Tuesday, January 23, 2007

Mean Me

I'm starting to be mean. I've noticed when I'm on call, I have a lower threshold of getting mad and speaking my mind than I normally do. I start to say what I'm thinking without keeping my mouth shut. My first victims Sunday morning were some construction workers who came into the call room area at 8:30am and starting doing work. If that wasn't bad enough, they knocked on my door, woke me up, and said they needed in my room and would be there all day working on the cables in the ceiling. I'd had enough. "Look", I said, "I'm here for the next 30 hours and this is the ONLY time I'm going to get any sleep..." I lost that battle. My pager started going off soon after that anyway. I apologized later to those guys. They were just doing their job.
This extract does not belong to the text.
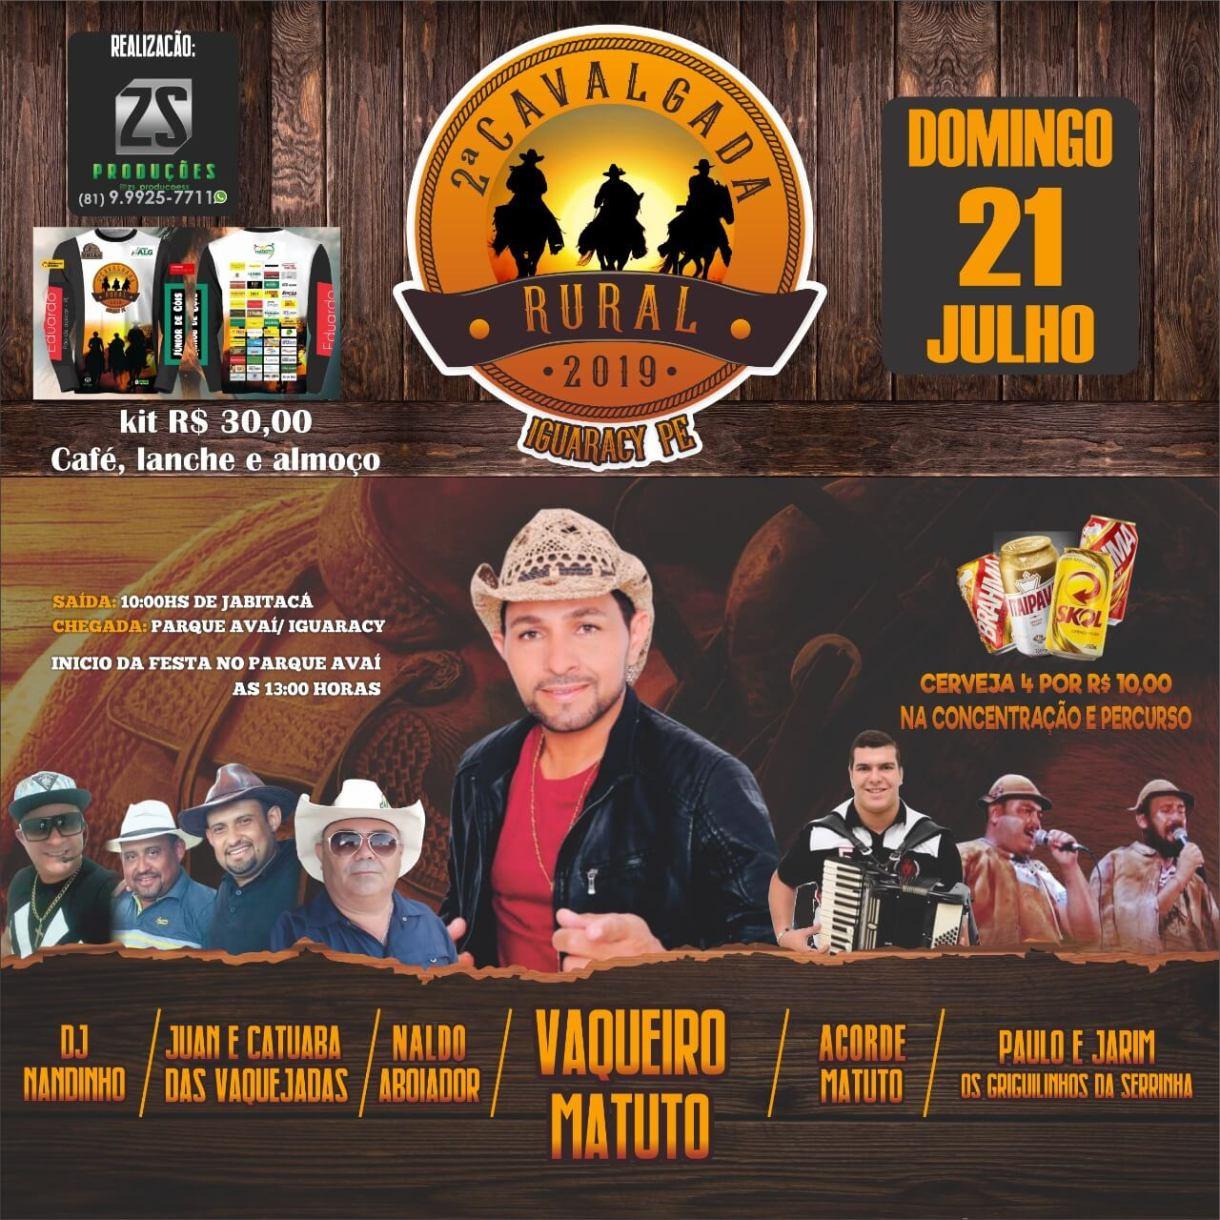 WhatsApp-Image-2019-07-04-at-23.20.22 Vem AÍ dia 21 de julho 2ª Cavalgada Cavalgada Rural de Iguaracy-PE

There weren't anymore victims until about 6:30am the next day, when I got paged with the Rapid Assessment Team to go see a patient (who is supposed to be in dire straights for us to get called). I get to the pt's room and there was no nurse to be found to clue me in on why we were called. The patient was just calmly lying there and I asked her if she was okay and she said she was. I went out to the nurses station and asked who the nurse was for that room and why is nobody in there to fill us in on why we were called. She explained she was standing in the hall to direct all the responders what room to go to. Well, that's great and all but she's supposed to be in the patient's room helping us since she's the only one who knows the patient. I was more than a little short with her. I felt bad later and apologized. I was right, it is a rule that when you page the team you must have somebody at all times in the patient's room so we know what's going on, but I thought long and hard later about how I came off. Here I am, this young, snot nosed doctor, getting snippy with a 50-something nurse who probably has more years of nursing on her belt than I have years of breathing. In my exhaustion from being up all night, I forgot to treat her like a person. I hope I don't let that happen again.

So that night, I had 3 rapid assessment team calls, 8 hospital admissions, and a code blue (that I successfully resuscitated only to find out that the pt had a signed DNR in her chart that somehow none of the nurses knew about). I felt really bad about that one. She did die later that night.